I think you should all deeply ponder the ramifications of this statement: "The owner of an identity tells clients that my DID authority are these relays" <-- thar be dragons of great size and ferocity. The first big problem is that you just turned this into a trusted authority model where your DID state can be manipulated by those trusted authorities (e.g. return a Tip - N state that looks legit, but is from the past). Beyond that, rotation of that set of trusted authorities over time introduces issues of its own. Game theory is likely to be a harsh mistress to trusted node schemes like these in practice, as they tend to devolve into consolidated operator silos, which results in users picking just one or two trusted nodes (not much different than OIDC trusted provider IDs in the end). If you like this model, I'll note this is trending towards basically cloning KERI's existing DID scheme, so you might check that out.

is this not true of every DID method? if your recovery key is compromised, isn't it simply a race of who rolls first? seems like that applies to any did method. not just what's proposed here

If recovery key is gone it will be trouble, but I think the primary need is leaking of the primary (used) key. That's the scenario that will happen for most users, that their keys are leaked through clients. If the solution supports recovery key, then private key in the wild can be mitigated.

The recovery key should be rotatable too, and it can suffer the same issues highlighted in other areas of these replies: if a recovery key rotated off long ago is ever found, exposed, or broken for numerous reasons, the DID is fully compromised. This doesn't occur in systems like ION, where you can laugh at an attacker who gains access to any past keys, because good luck reorging Bitcoin to change its history.

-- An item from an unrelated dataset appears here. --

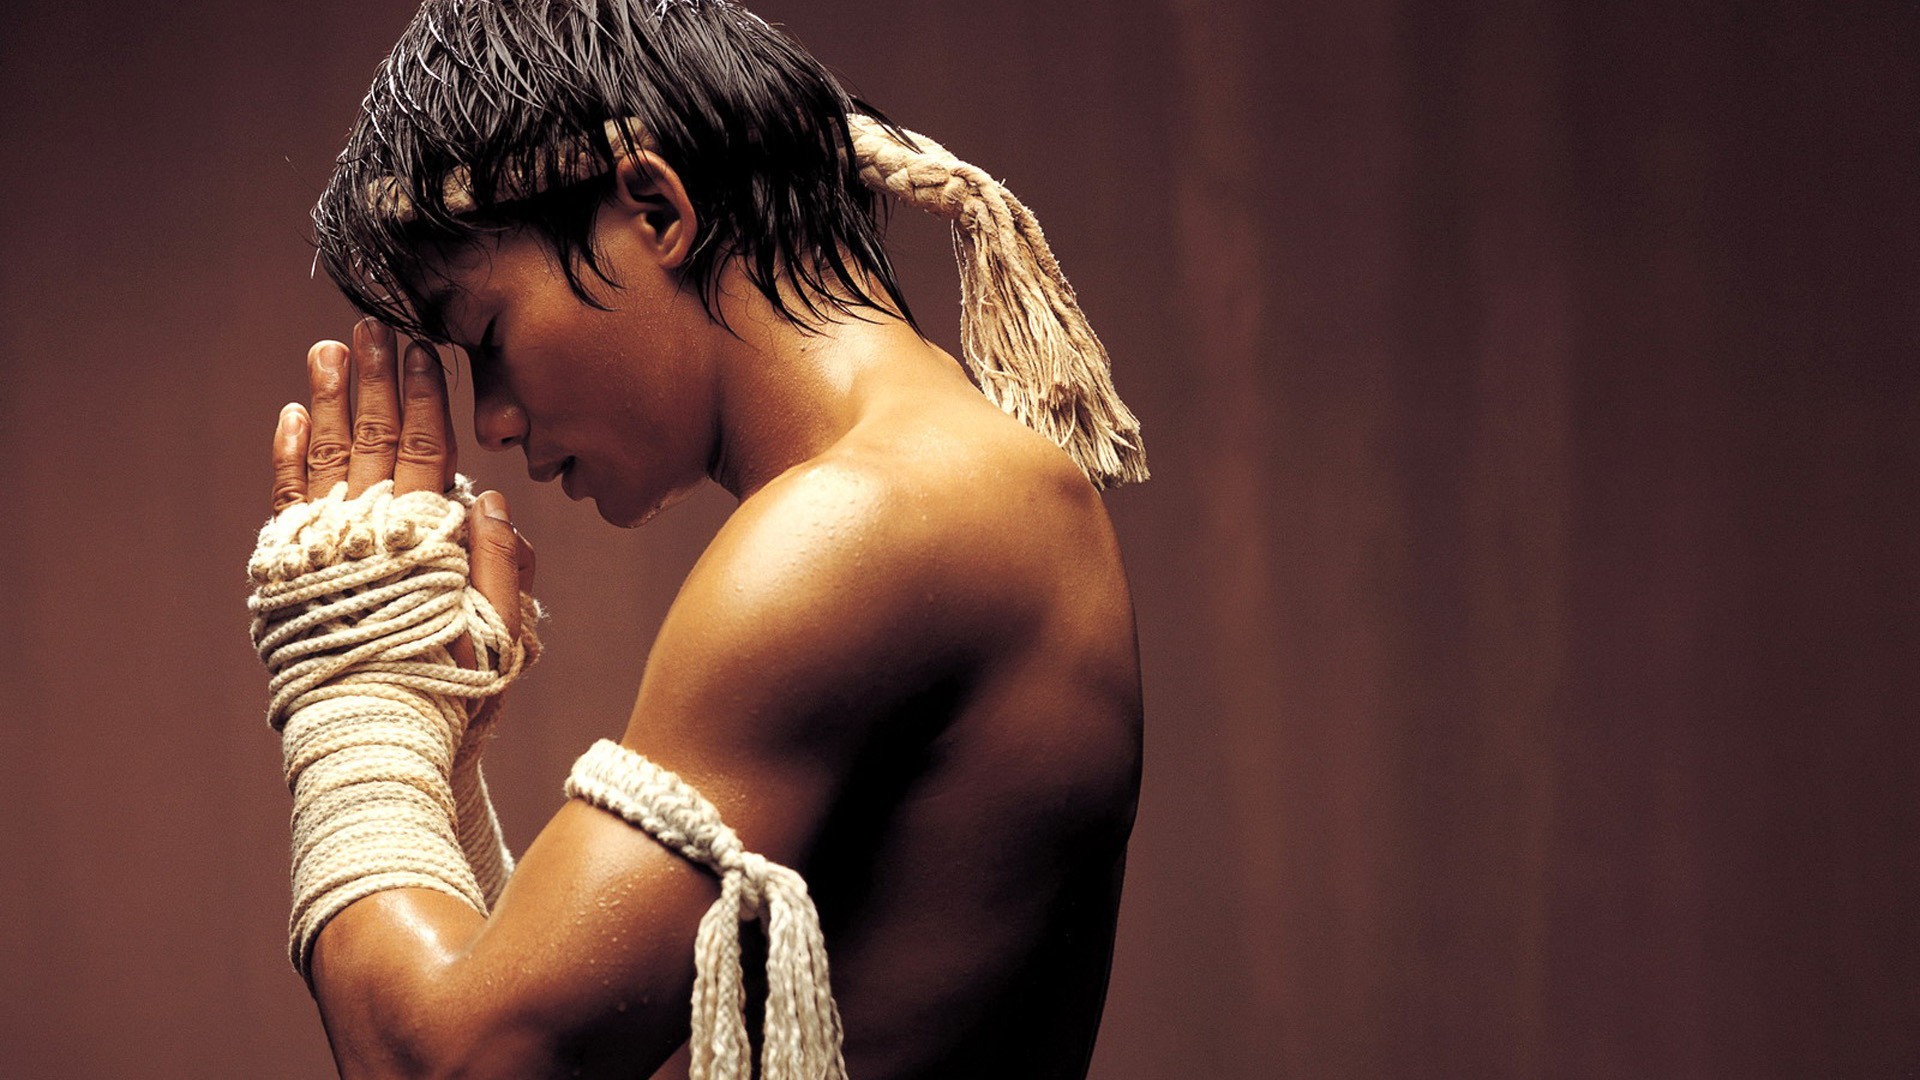 Tony Jaa Actor Men Movies Shirtless Praying Headband Sweat Closed Eyes Ong Bak The Thai Warrior 1920x1080

can you provide more context around what you mean by "most valid"? each event can be independently verified by any client using sig and pubkey

"Most valid": I am an attacker who gained access to a key rotated off long ago and present you with a branched state. It'll appear valid, but you'll have to decide which is truly valid.

Recovery key solves that though.

In a perfect world where no recovery keys rolled long ago are ever exposed, no crypto library vulnerabilities are ever found, and QC is never able to break EC, you may be OK, but if either happen, all these IDs are instantly, irrevocably vaporized. Not so with more robust DID constructions, because even those powerful adversaries cannot change Bitcoin's txn history, in which a DID's lineage sequence is anchored.